Wang Lei, Wang Yihan, Liu Zhixing, Wu Ed X, Chen Fei
Department of Electrical and Electronic Engineering, Southern University of Science and Technology, Shenzhen, China.
Department of Electrical and Electronic Engineering, The University of Hong Kong, Pokfulam, Hong Kong SAR, China.
Front Neurosci. 2022 Feb 10;15:760611. doi: 10.3389/fnins.2021.760611. eCollection 2021.

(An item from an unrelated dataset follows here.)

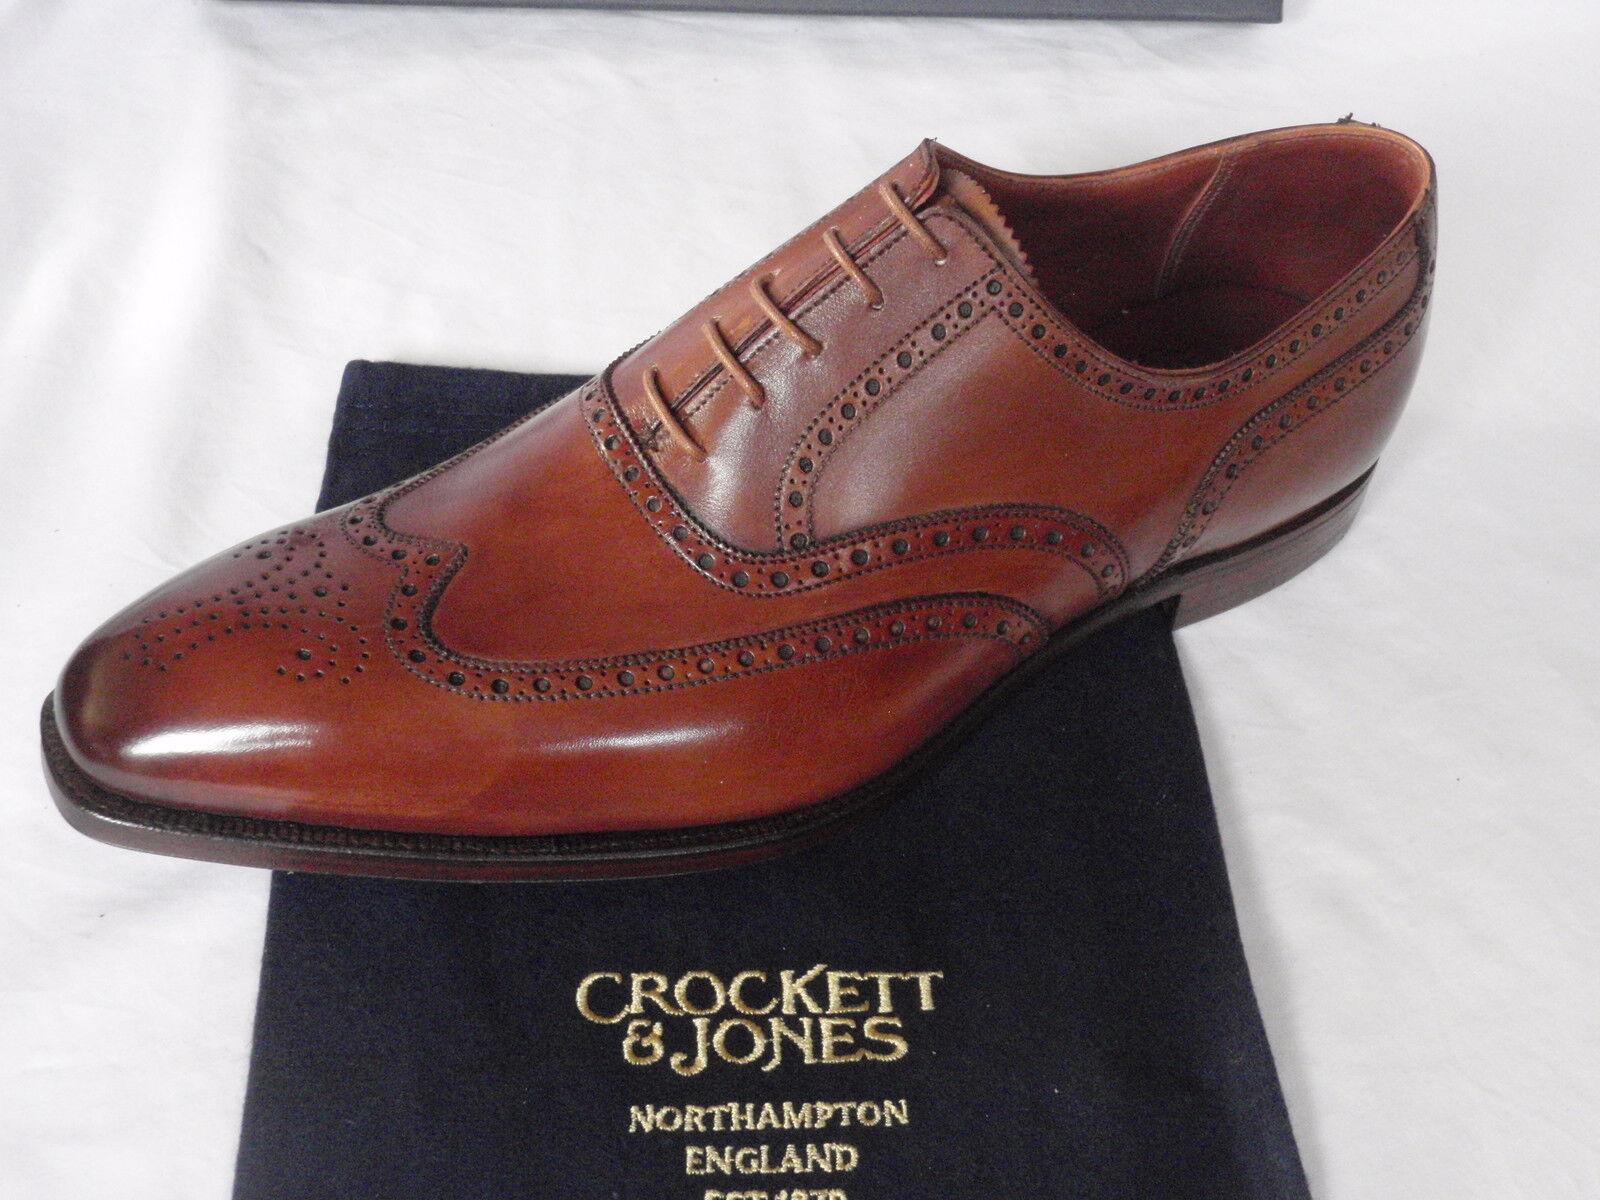 NEW Handgrade Crockett & Jones FAIRFORD Handgrade NEW Tan Leder Schuhes ALL SIZES c3b509
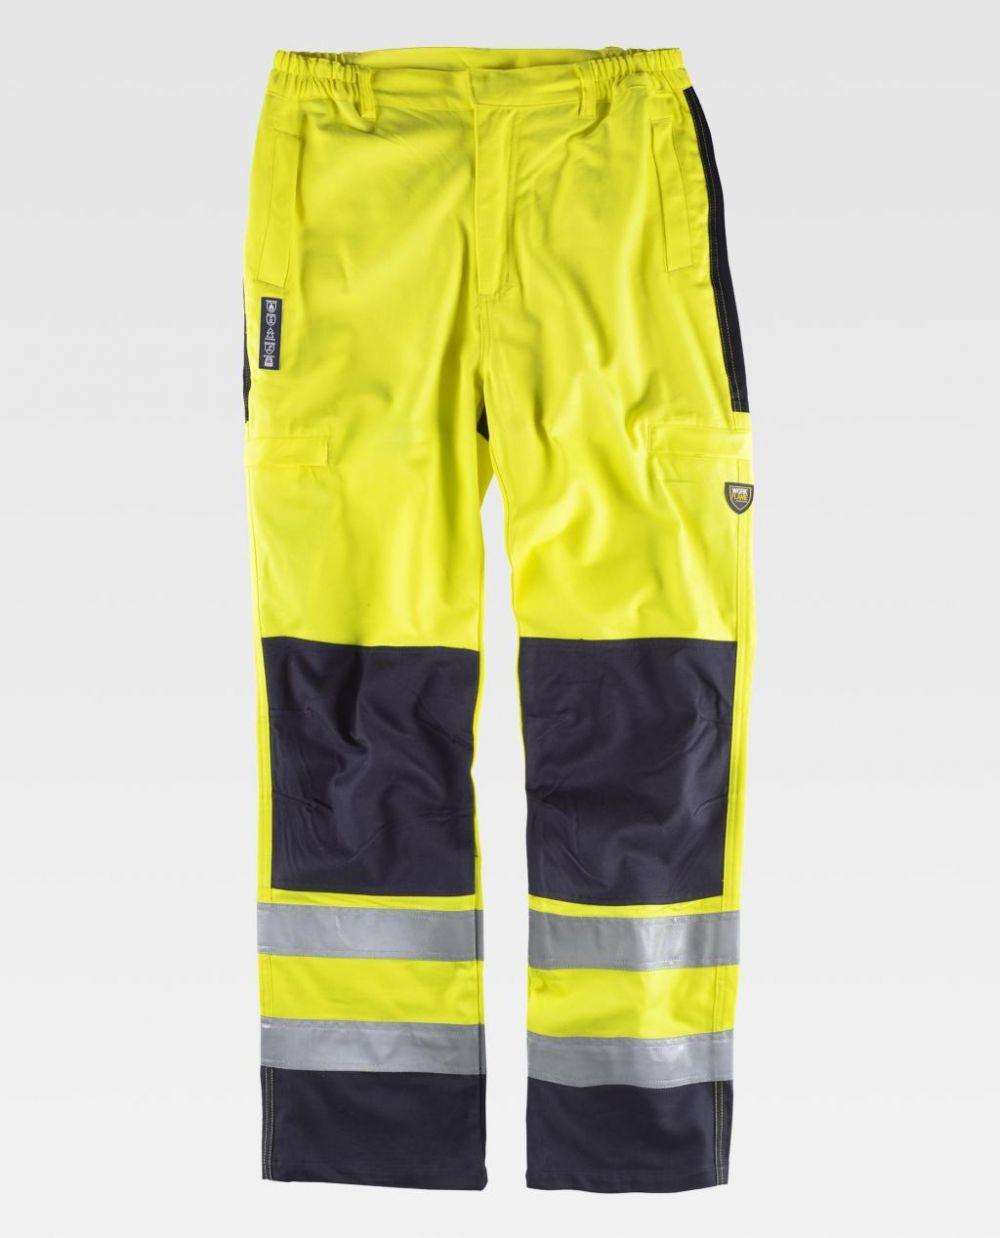 Pantalones reflectantes workteam inifugo, antiestatico proteccion para soldadura de algodon para personalizar vista 1

In the competing speaker environments, human listeners need to focus or switch their auditory attention according to dynamic intentions. The reliable cortical tracking ability to the speech envelope is an effective feature for decoding the target speech from the neural signals. Moreover, previous studies revealed that the root mean square (RMS)-level-based speech segmentation made a great contribution to the target speech perception with the modulation of sustained auditory attention. This study further investigated the effect of the RMS-level-based speech segmentation on the auditory attention decoding (AAD) performance with both sustained and switched attention in the competing speaker auditory scenes. Objective biomarkers derived from the cortical activities were also developed to index the dynamic auditory attention states. In the current study, subjects were asked to concentrate or switch their attention between two competing speaker streams. The neural responses to the higher- and lower-RMS-level speech segments were analyzed the linear temporal response function (TRF) before and after the attention switching from one to the other speaker stream. Furthermore, the AAD performance decoded by the unified TRF decoding model was compared to that by the speech-RMS-level-based segmented decoding model with the dynamic change of the auditory attention states. The results showed that the weight of the typical TRF component approximately 100-ms time lag was sensitive to the switching of the auditory attention. Compared to the unified AAD model, the segmented AAD model improved attention decoding performance under both the sustained and switched auditory attention modulations in a wide range of signal-to-masker ratios (SMRs). In the competing speaker scenes, the TRF weight and AAD accuracy could be used as effective indicators to detect the changes of the auditory attention. In addition, with a wide range of SMRs (i.e., from 6 to -6 dB in this study), the segmented AAD model showed the robust decoding performance even with short decision window length, suggesting that this speech-RMS-level-based model has the potential to decode dynamic attention states in the realistic auditory scenarios.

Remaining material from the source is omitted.